Então, o menino de Guadalupe chegou ao auge, vencendo a Liga dos Campeões (1995/96) e Campeonato Alemão (1993/94).

Em meio a essa excelente fase, o craque foi chamado para a seleção brasileira na disputa da Copa do Mundo de 1994, em solo americano. 

O título conquistado veio coroar uma geração contestada, que sob o comando de Parreira, deu a resposta em campo e quebrou um hiato de 24 anos sem título. 

Nos anos seguintes, já experiente, Jorginho ainda passou pelo Kashima Antlers, do Japão, levantando as taças do Campeonato Japonês (1996 e 98), da Copa da Liga Japonesa (1997), além da Copa do Imperador (1997).

Uma década depois, retornou ao Brasil para atuar no São Paulo. 

Em 2000, foi Campeão Brasileiro e da Copa Mercosul com o Vasco da Gama, tornando-se ídolo nos corações vascaínos e deixando seu pai, o velho Jayme, feliz no céu. 

Antes de encerrar a carreira, Jorginho defendeu ainda o Fluminense, onde foi Campeão Carioca, em 2002. 


Pendurando as chuteiras, resolveu se dedicar às carreiras de treinador e de auxiliar, sem jamais ter abandonado sua Bíblia Sagrada, já que nos tempos de jogador, ele foi um dos principais nomes dos Atletas de Cristo, movimento que começou a ganhar força no futebol brasileiro no começo dos anos 1990.

Casado com Cristina e pai de Laryssa, Vanessa, Daniel e Isabelly, Jorginho também atua no social, sendo presidente do Instituto Bola Pra Frente, que nasceu de um sonho quando ele tinha 11 anos de idade e jogava bola no campo de várzea, em frente à sua casa, em Guadalupe, onde até hoje funciona o Instituto. 

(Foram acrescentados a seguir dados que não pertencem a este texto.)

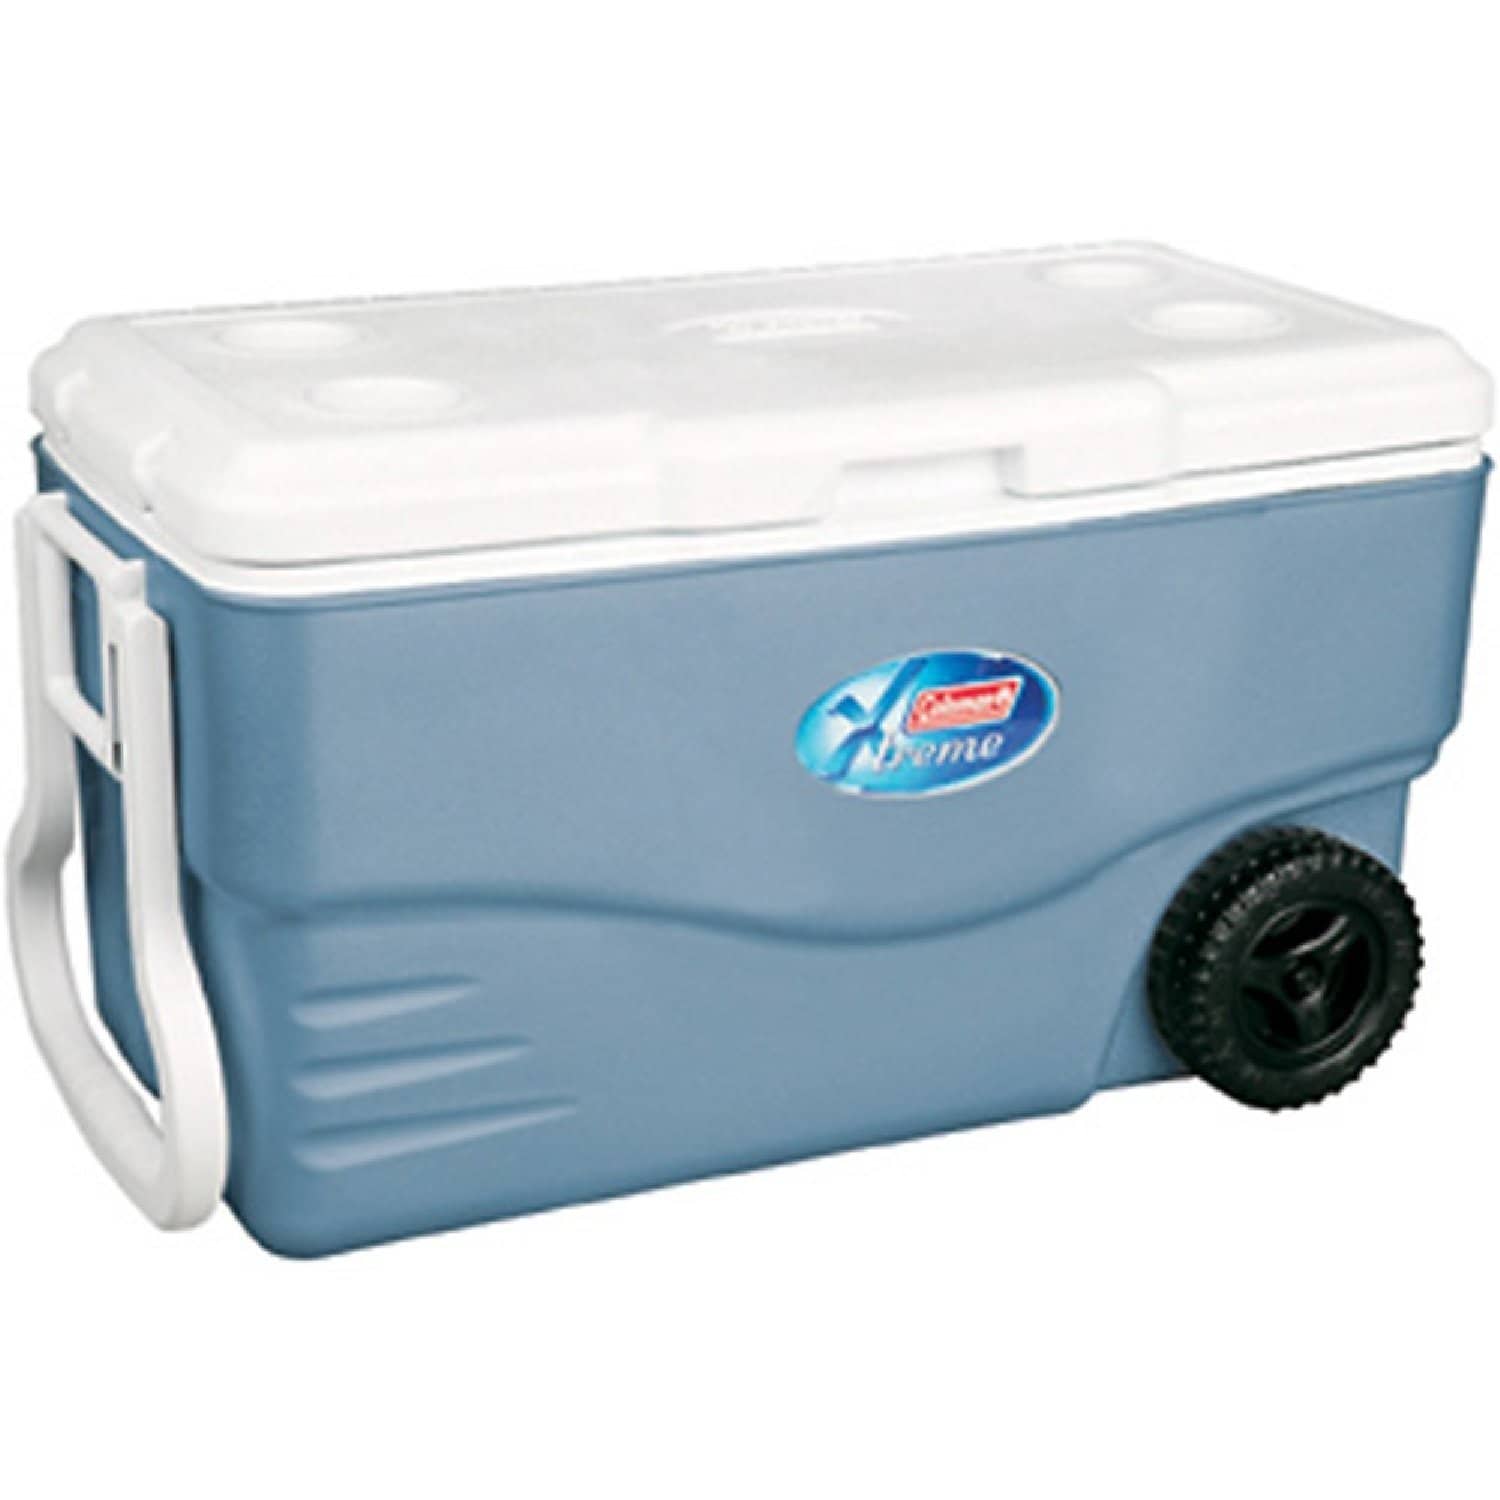 10 Best Camping Coolers

Desde a sua inauguração, no ano 2000, o Bola Pra Frente, vem investindo em pesquisa e desenvolvimento de ferramentas que utilizam o futebol para a transformação social. 


O Instituto atende crianças e adolescentes de baixa renda na faixa etária de 6 a 17 anos, no contraturno escolar e oriundos de escolas públicas. 

Hoje este numero gira em torno de 2.000 crianças.

Jorginho, craque dentro e fora de campo, apostou na fé para ter a sua vida transformada e, mesmo sendo um homem de palavras fortes, traz consigo a capacidade de crer que nenhuma causa é perdida. 

Contudo, lição esta que aprendeu em casa a duras penas e se imortalizou no coração dos torcedores dos clubes que defendeu, e que hoje, 17 de agosto, o felicitam pelo seu 54° aniversário.